Taking a threshold p-value of 0.001, we summarized the concordant and discordant calls between the microarray one-way ANOVA test and the MPSS Z-test, as represented in Table Table4.4. The proportion of concordant calls between microarrays and MPSS were very similar among various platforms and 17-bp/20-bp MPSS signatures, ranging from 60.04% ~63.43%. Most of the discordances between microarrays and MPSS were cases were differential expression was detected by MPSS but not by microarrays: ~94% for Affymetrix, ~89% for Amersham, ~79% for ABI, and ~97% for Mergen. Data variation between biological replicates with MPSS without technical replicates may understandably be larger than with microarrays when using sufficient numbers of replicates.
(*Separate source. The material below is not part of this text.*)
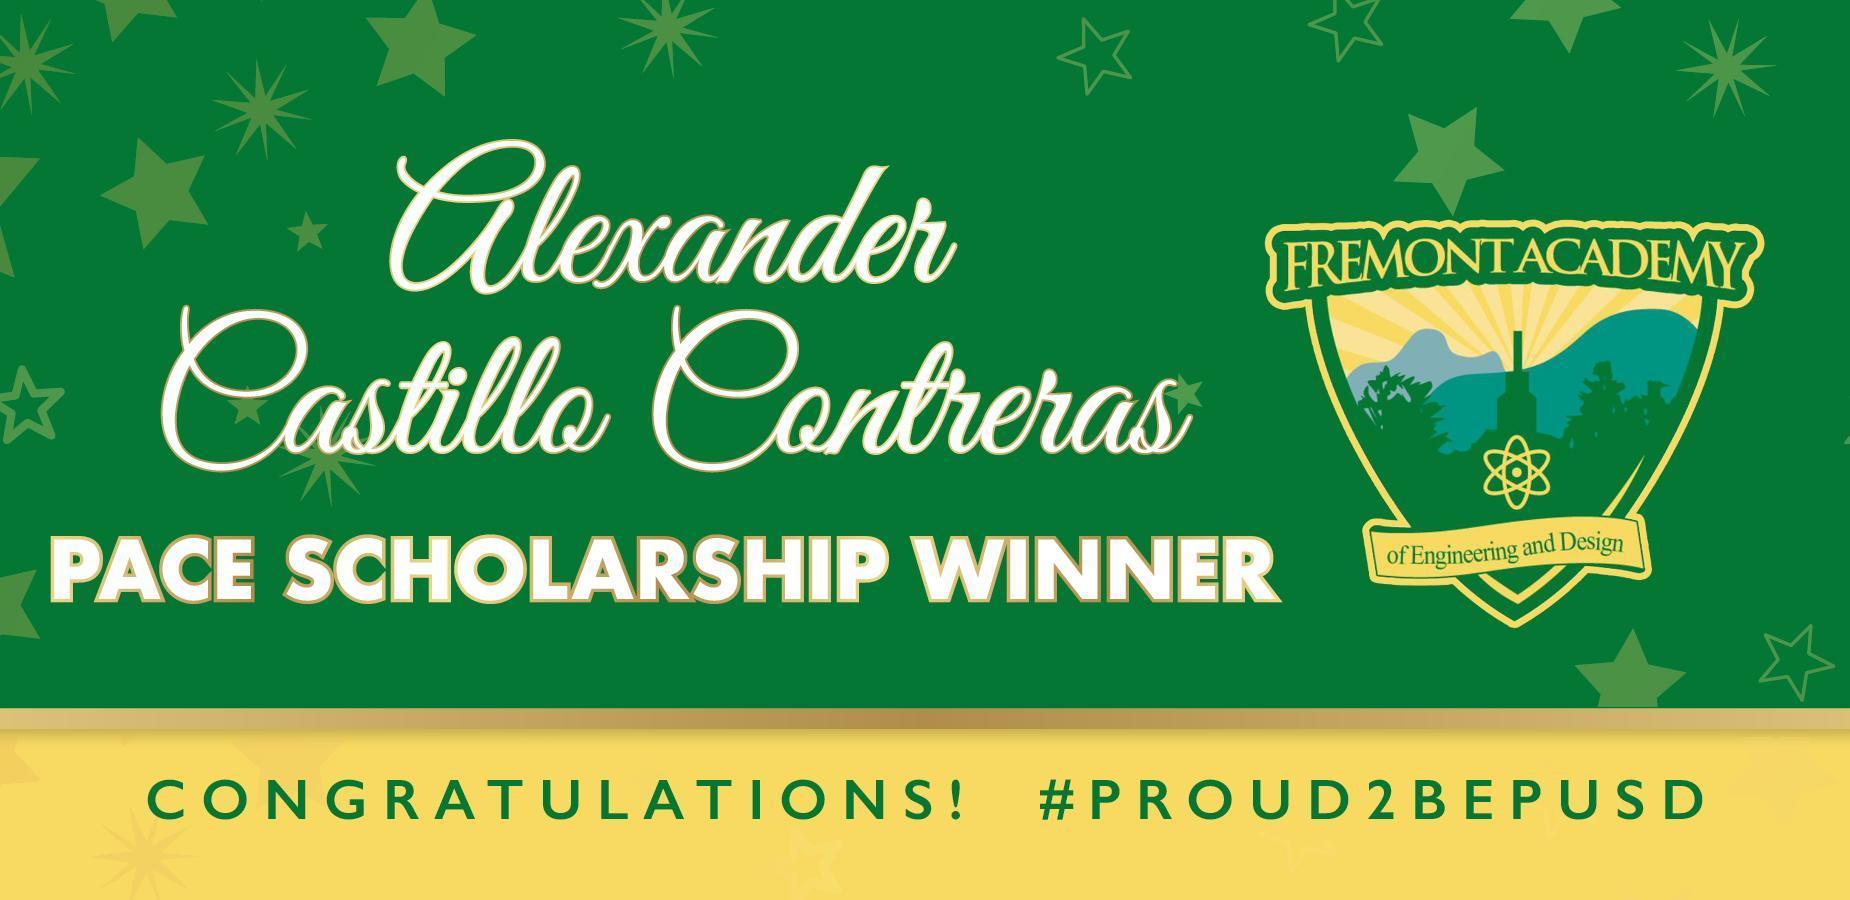 We are #PROUD of Alexander! Winner of the @PomonaUnified #PACE #Scholarship! #proud2bePUSD #CityOfPomona #Pomona #PUSD #Fremont #Classof2020

It is easier to obtain robust statistical testing based on replicates. Also in this analysis, we observed that the statistics with MPSS 17-bp results and the 20-bp results did not differ significantly, consistent with the results of previous analyses.
For each microarray platform, we applied GSEA to generate hypotheses regarding which biological processes or pathways might be responsible for the differences between the two replicate sample pools. Only the genes (RSs) which had valid values across all 10 chips were used, that is, 2,490 for Affymetrix, 4,899 for Amersham, 3,132 for Mergen, and 7,556 for ABI. In GSEA, the GO hierarchy level was set to 4, and the permutation times as 1000. Several biological themes resulted from GSEA with enrichment score, but none were statistically significant. Although different microarray platforms revealed different degrees of variation between MRP1 and MRP2, the GSEA analyses on the affected gene sets were similar among platforms. When considering enriched themes found in all four platforms, there were 15 GO terms from the "biological process" category enriched in MRP1 compared to MRP2 and 12 GO terms from the "molecular function" category. There were no terms found to be enriched in MRP2 common to all platforms [see Additional file 3].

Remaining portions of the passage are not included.